>>>>>

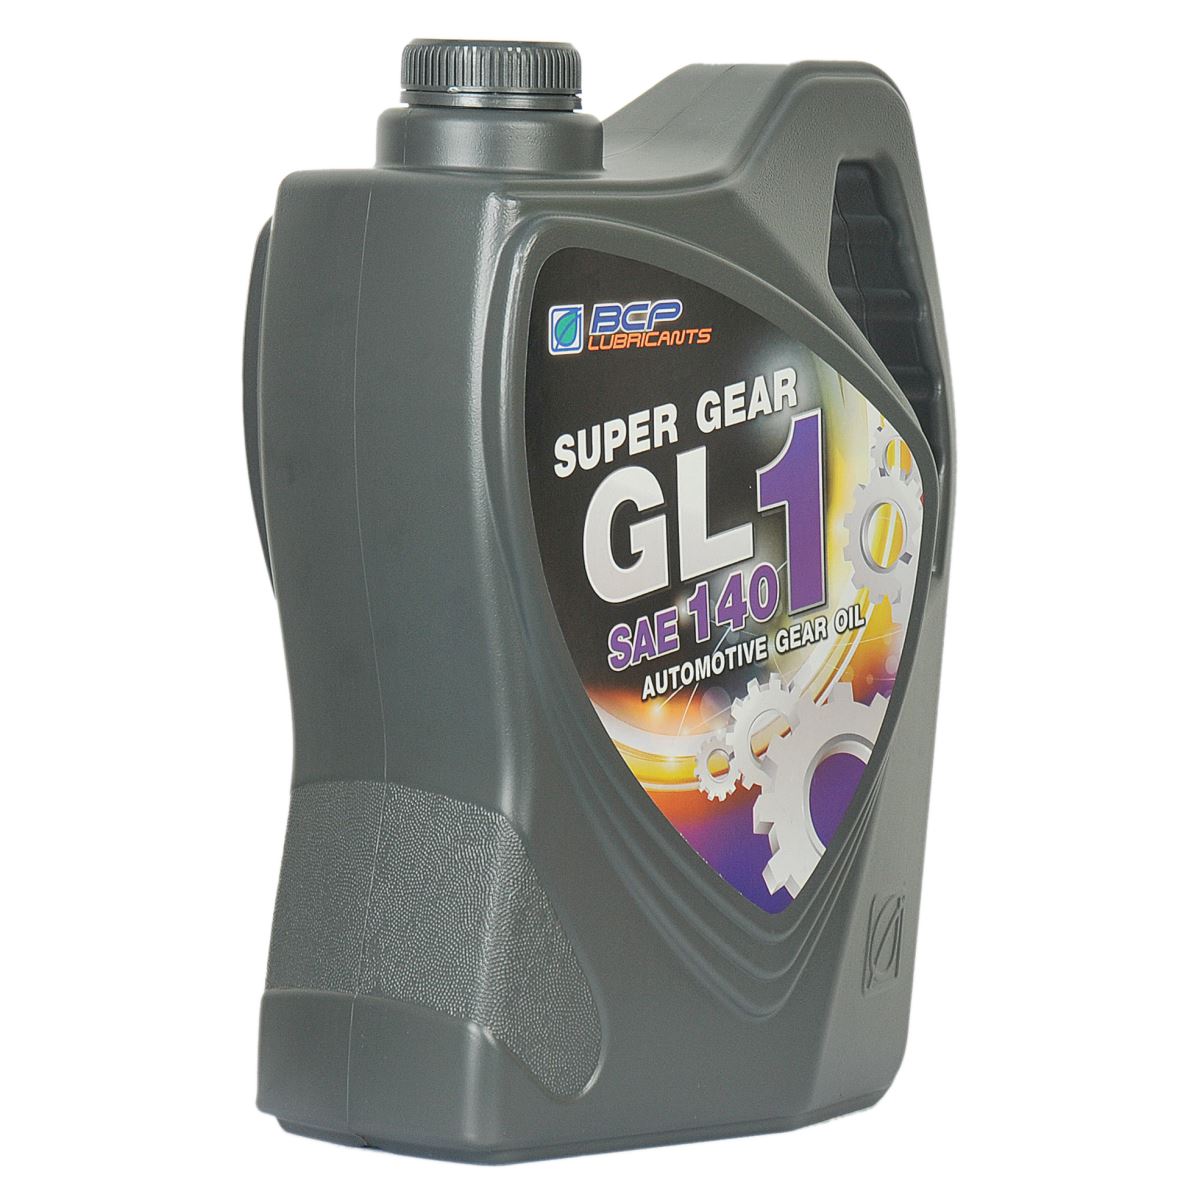 Super Gear GL 1
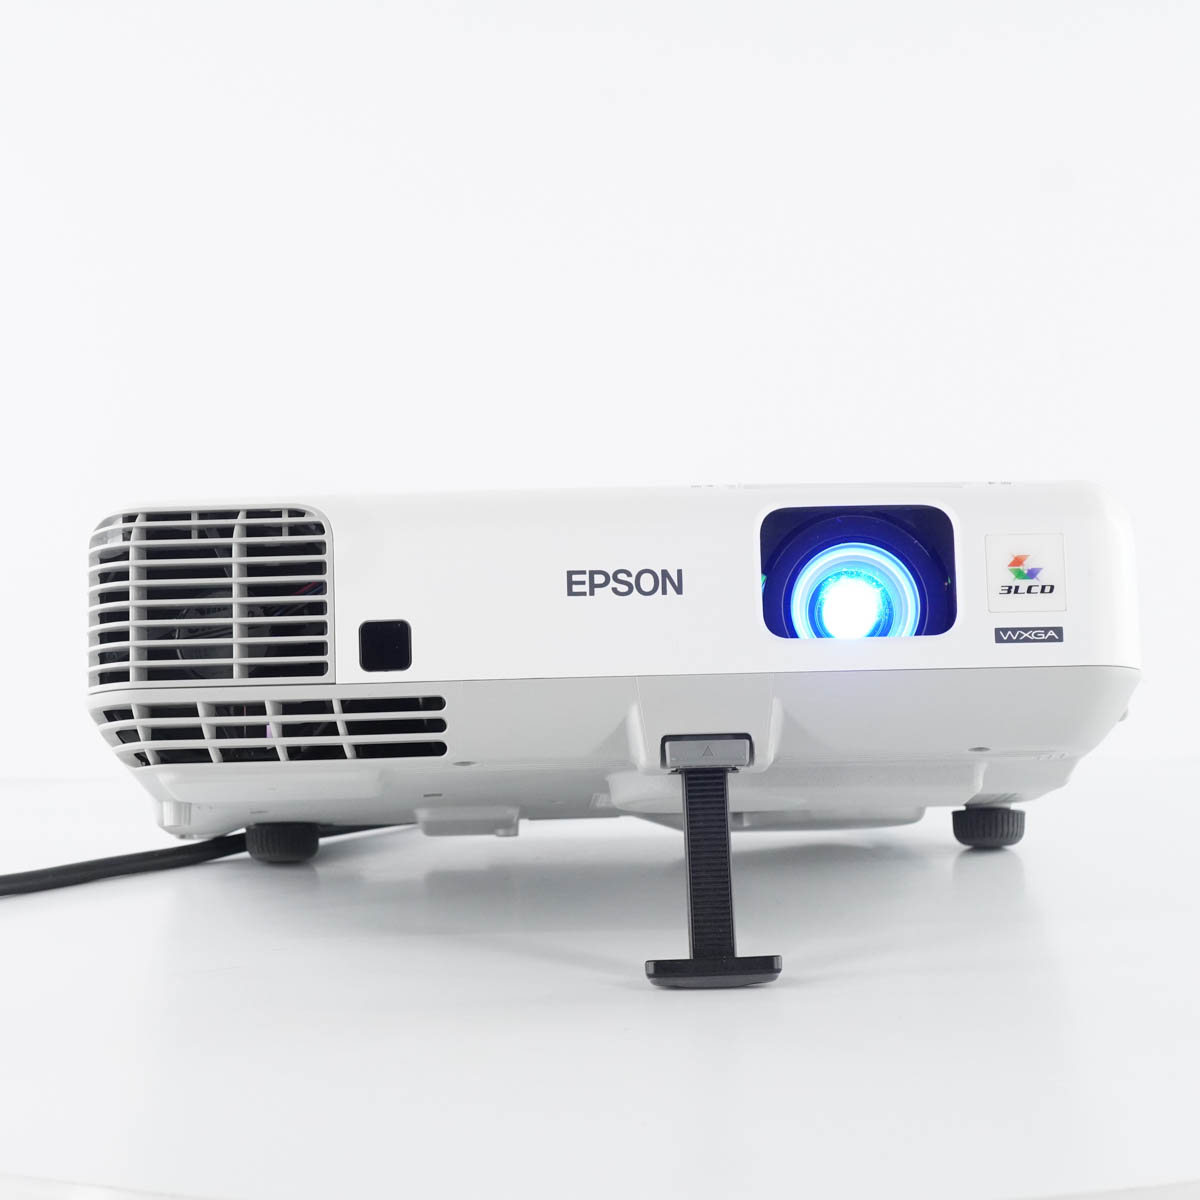 PG]USED 8日保証 ランプ225時間 EPSON EB-935W H565D プロジェクター 
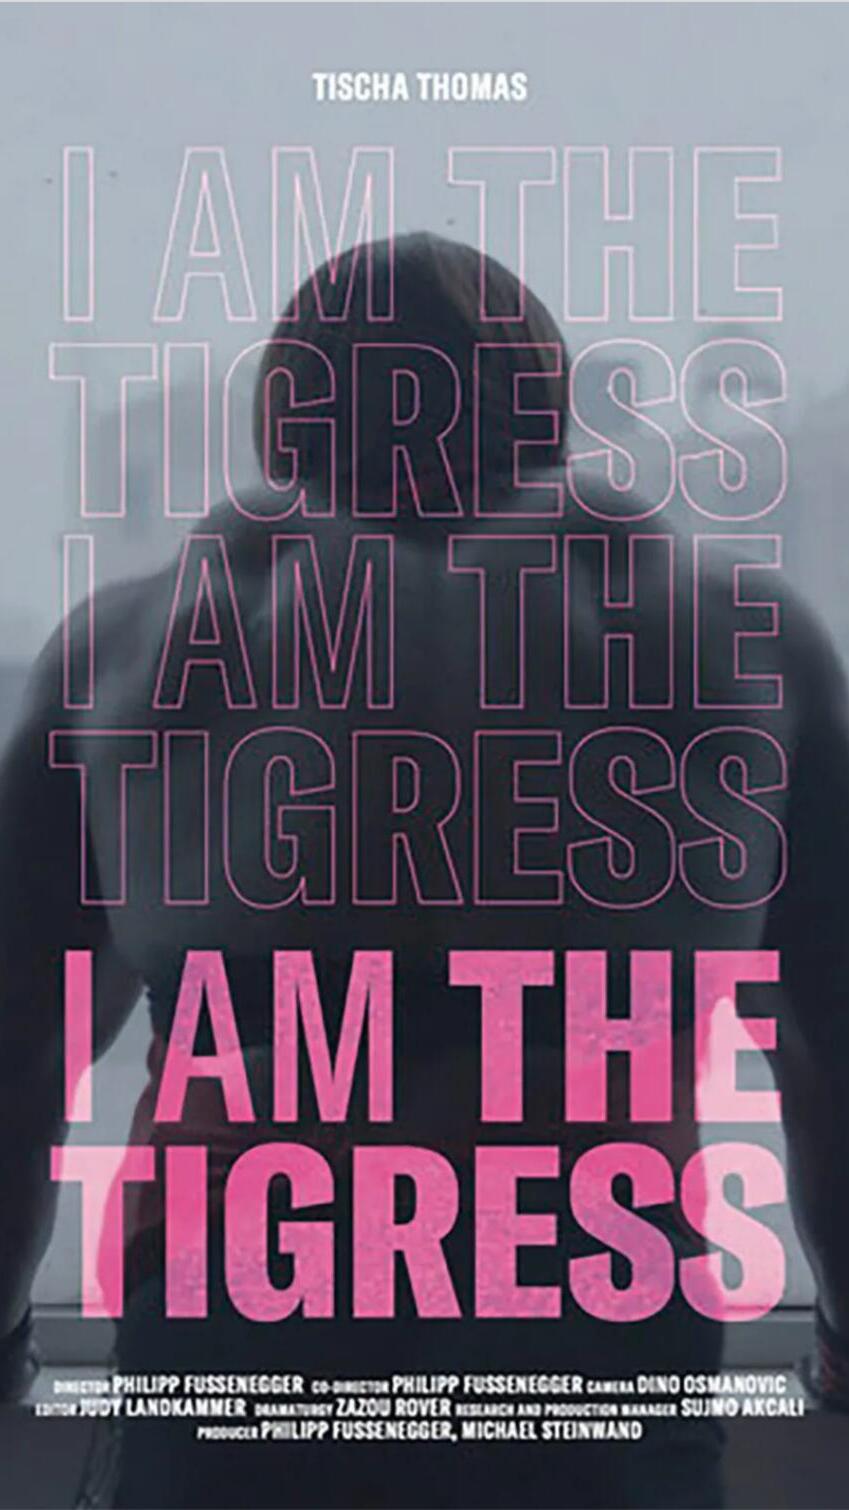 I AM THE TIGRESS
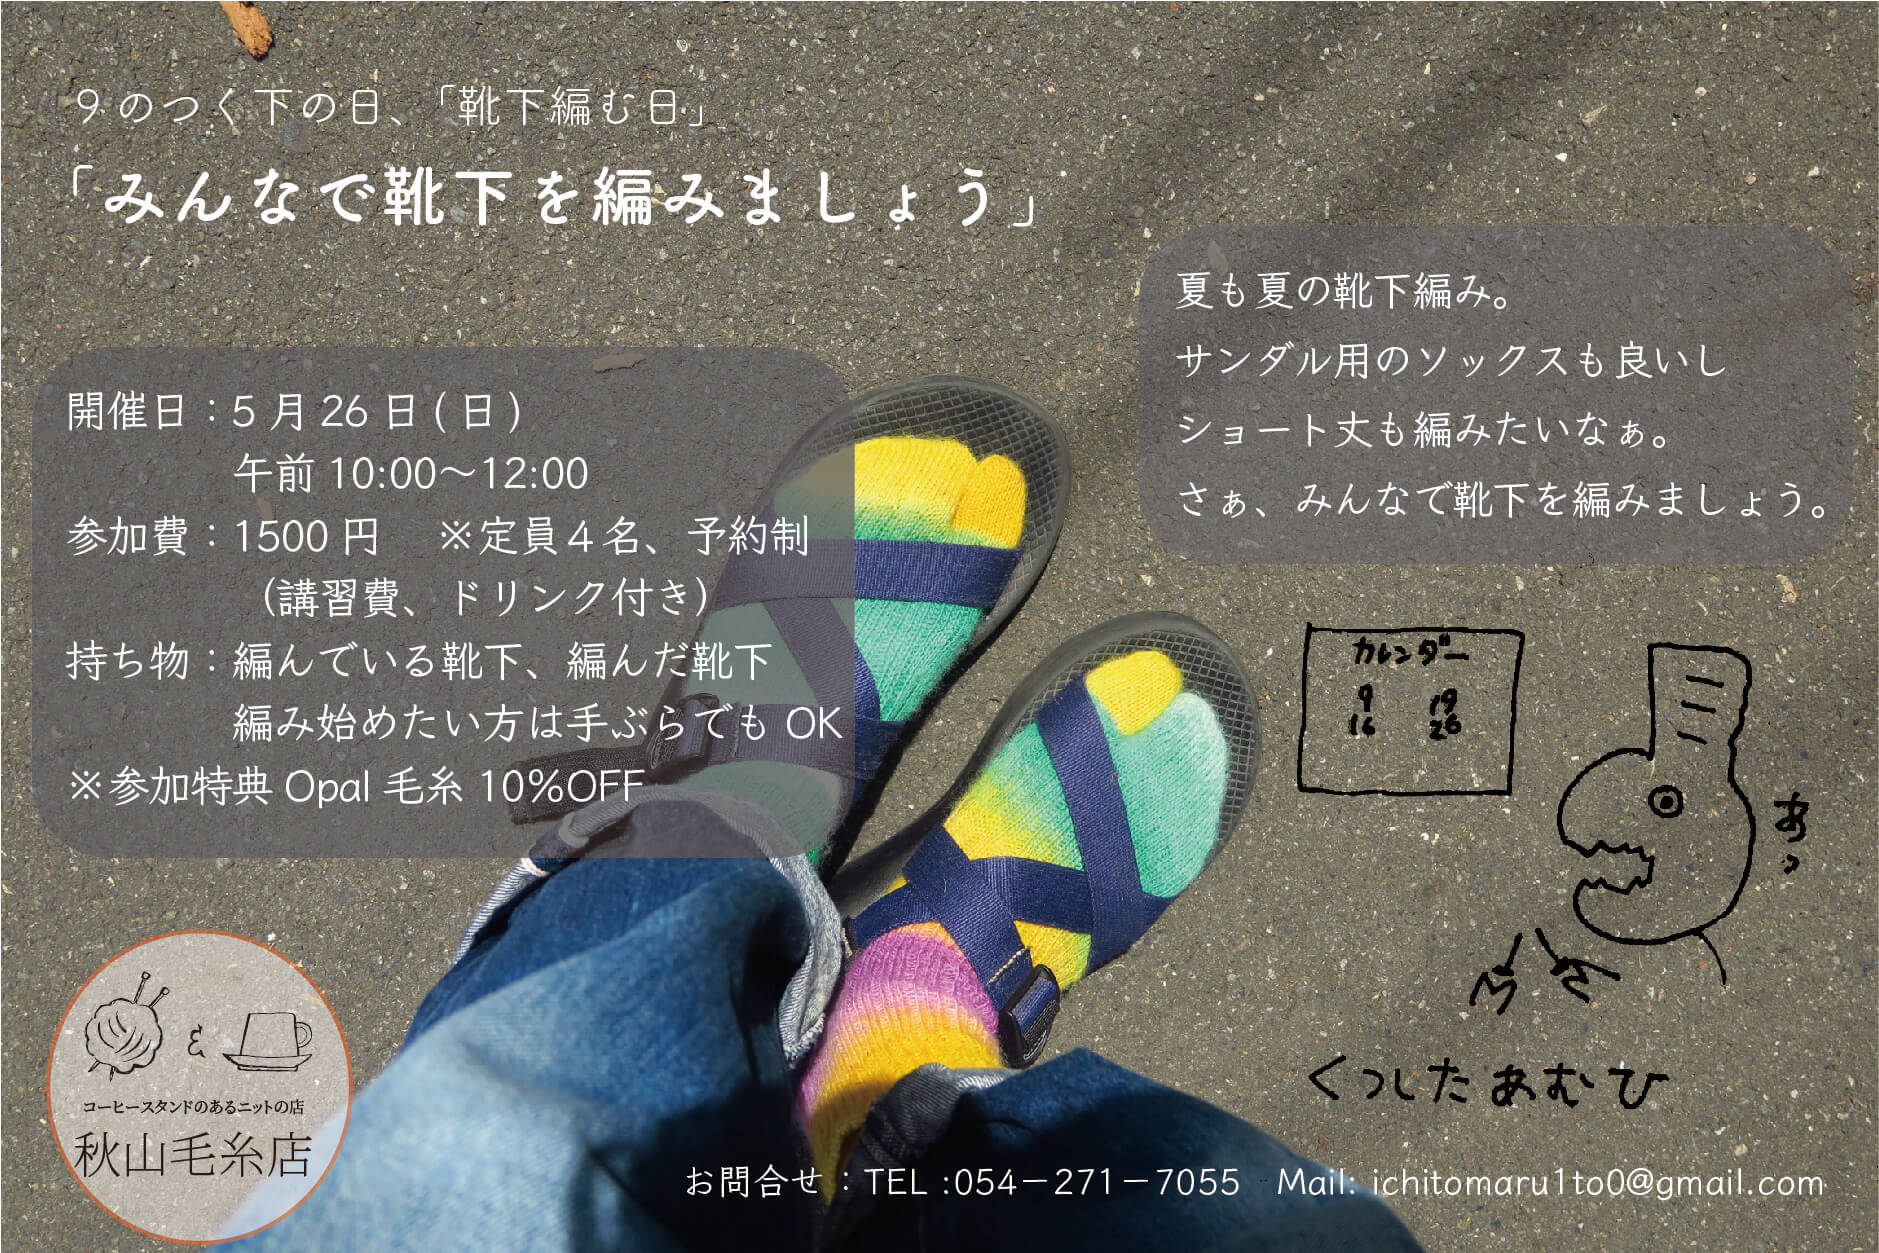 【イベント終了】5月26日(金) 9のつく下の日の「みんなで靴下編みましょう」の会

<<<<<

▶ **Task requirements**
Only an exact copy of the lines from the one with "PG]USED 8日保証 ランプ225時間" through the last line of the data above is wanted, and no pictures.

▶ **Expected answer**
 PG]USED 8日保証 ランプ225時間 EPSON EB-935W H565D プロジェクター 
 I AM THE TIGRESS
 【イベント終了】5月26日(金) 9のつく下の日の「みんなで靴下編みましょう」の会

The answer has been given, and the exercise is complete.